Abstract:
In most developing nations, underdevelopment can be seen in the absence of enough food,
shelter, clothing, and opportunity for education, access to health care and environmental
degradation. The Catholic Church and non-Church owned businesses place emphasis on
providing these services and facilities by establishing schools, hospitals, and businesses to
enable the community's most vulnerable people earn a living. Performance of church and non
church owned businesses is related, among other things, with corporate attributes. On the other
hand, financial management practices have been associated with performance of businesses.

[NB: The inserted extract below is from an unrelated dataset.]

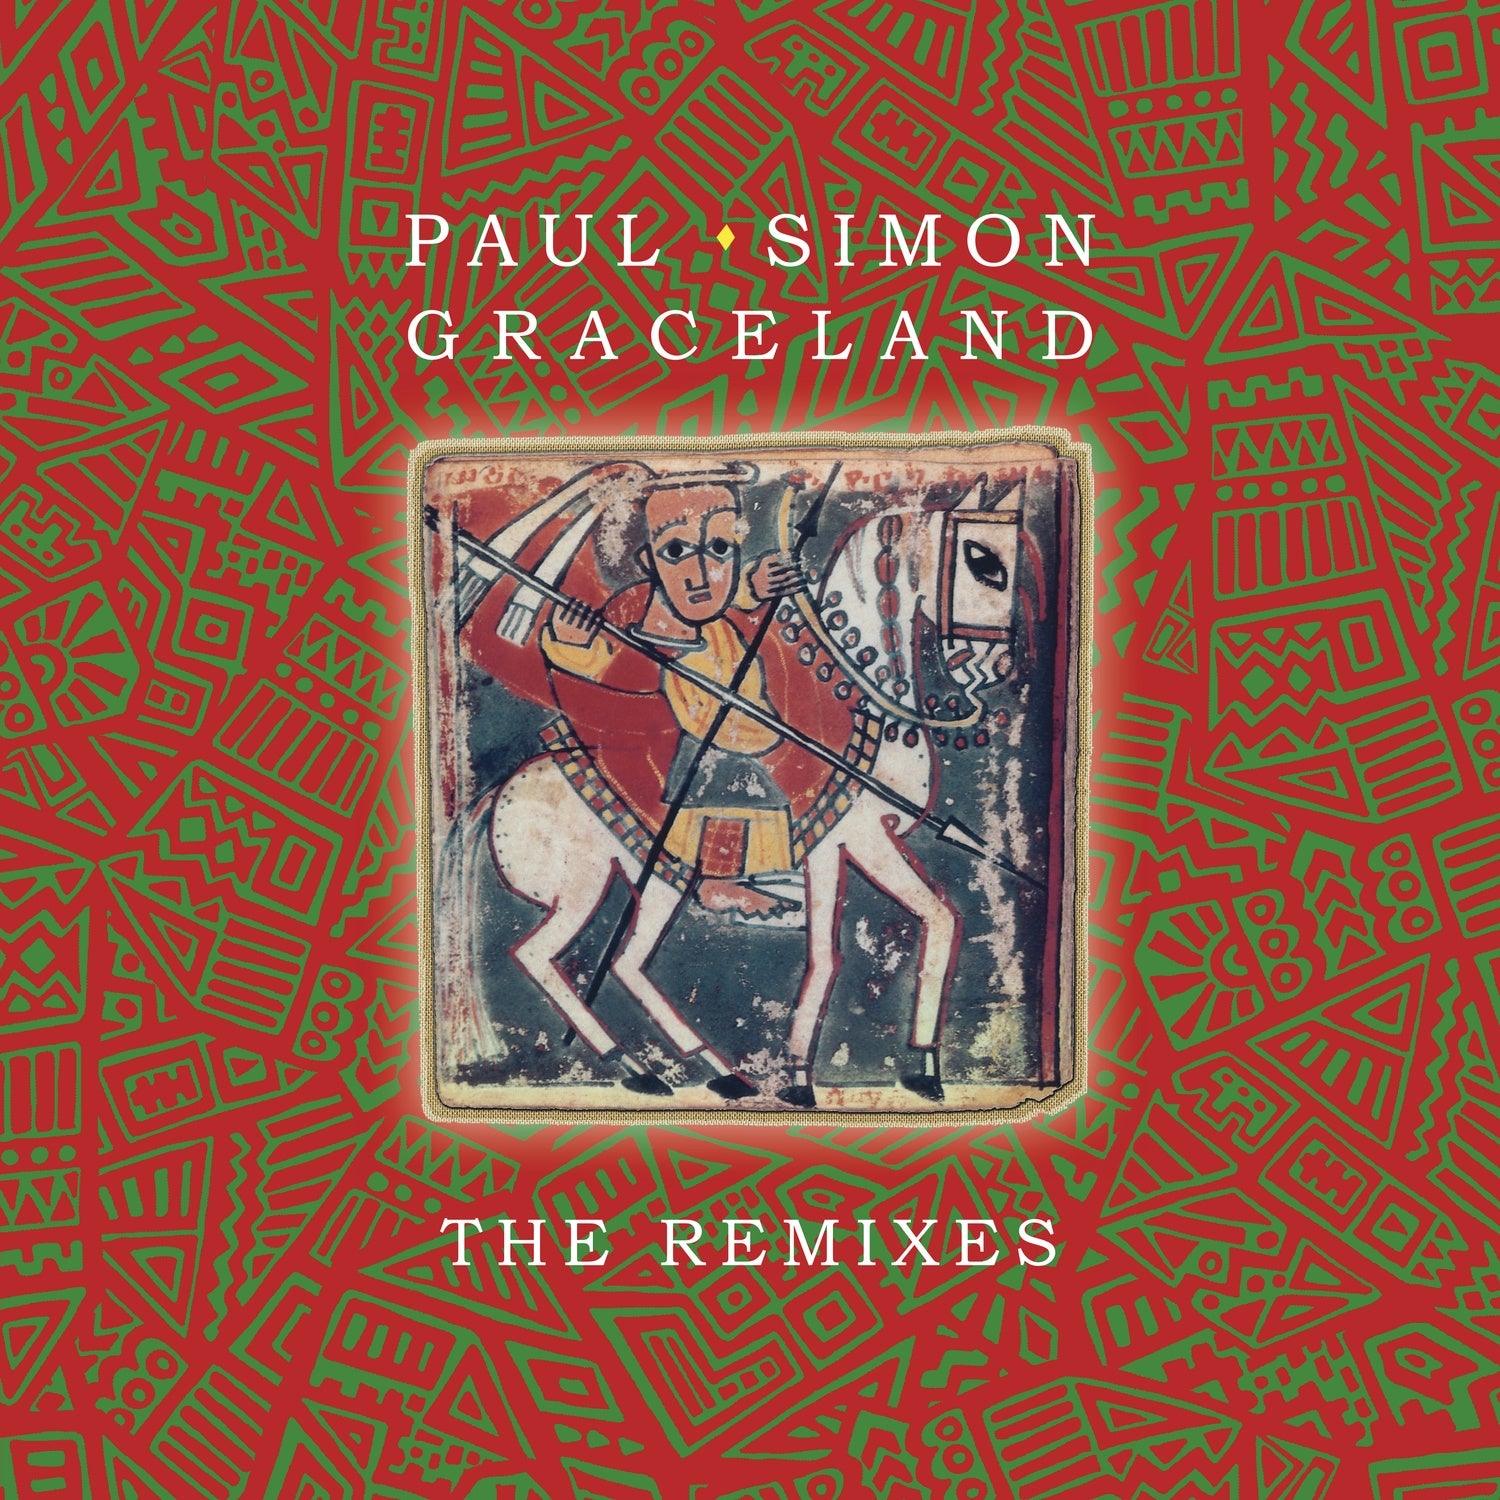 Paul Simon / Various - Graceland: The Remixes - New Vinyl 2 LP 2018 Legacy 'We Are Vinyl' 140 gram Pressing with Download - Rock / Dance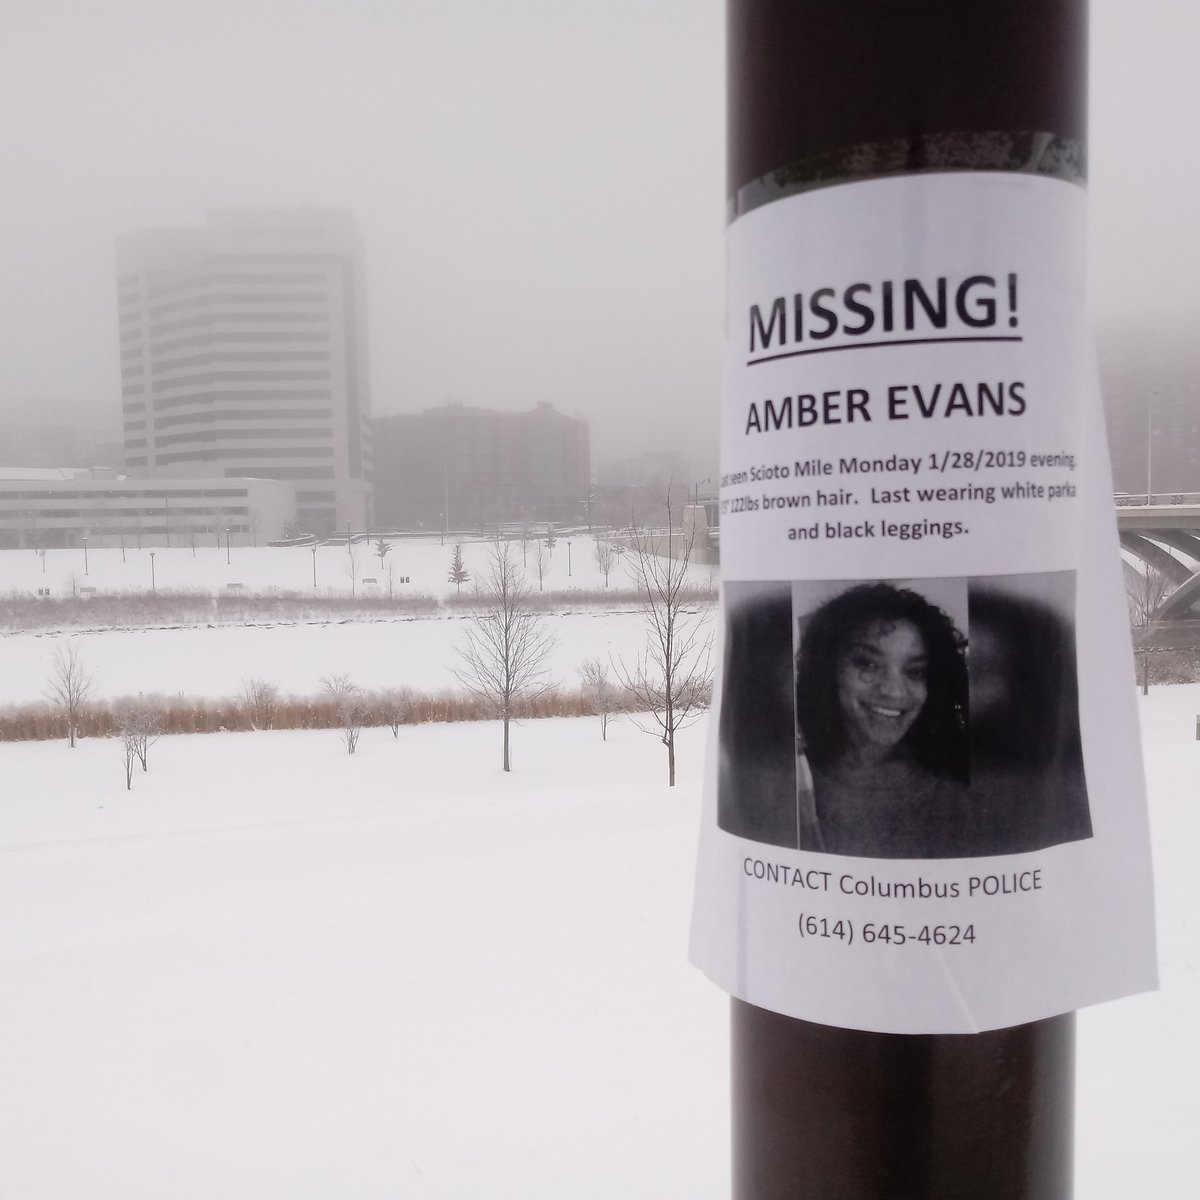 #Search4Amber #AmberEvans #AsSeenInColumbus #MissingPerson #CommunityActivist #Columbus #Ohio

Improper and inadequate financial management practices act as an impediment to performance
of businesses. Due to lack of meaningful engagement of community stakeholders at all stages
of the development process, projects have not achieved their intended impacts and benefit to
the local population in a lasting way. Previous studies did not show how the Church makes
business like non-church organizations and seek to maximize profit and improve performance
in order to sustain service rendering to the community. The specific objectives of this thesis
were to examine corporate attributes of the performance of Church and Non-Church owned
businesses, analyse the effects of financial management practices on the performance of Church
and non-Church owned businesses, Analyse the socio-economic contributions of church and
non-church owned businesses on the performance, and to evaluate Small Christian
Communities’ participation in the performance of the initiated businesses of the Catholic
Diocese of Moshi. The Agency theory, the Institutional theory, the Resource based View, the
Samaritan’s Dilemma, and the Ladder of participation model were applied to the study. Cross
sectional research design was adopted, and the sample size was 305 respondents which was
determined using Yamane’s formula, but for the fourth specific objective the sample size of
370 Small Christian Community (SCC) members was used as this objective was based on
community members’ participation in project implementation, consultations and workshops to
gather inputs on project goals, activities, and expected outcomes. Simple random sampling
approach and purposive technique was applied to select the participants in this study. Data were
collected through a questionnaire, key informant interviews, focus group discussions and
document reviews. The independent samples t-test was used to measure performance by
comparing mean scores of Church and Non-Church owned businesses to find whether they
were statistically different. Simple linear regression was used to determine effects of Church
and Non-Church owned businesses on socio-economic development among beneficiaries.
Binary logistic regression analysis was appropriate for the dependent variable (performance)
as it had a binary outcome (successful or unsuccessful). Independent variables (participation)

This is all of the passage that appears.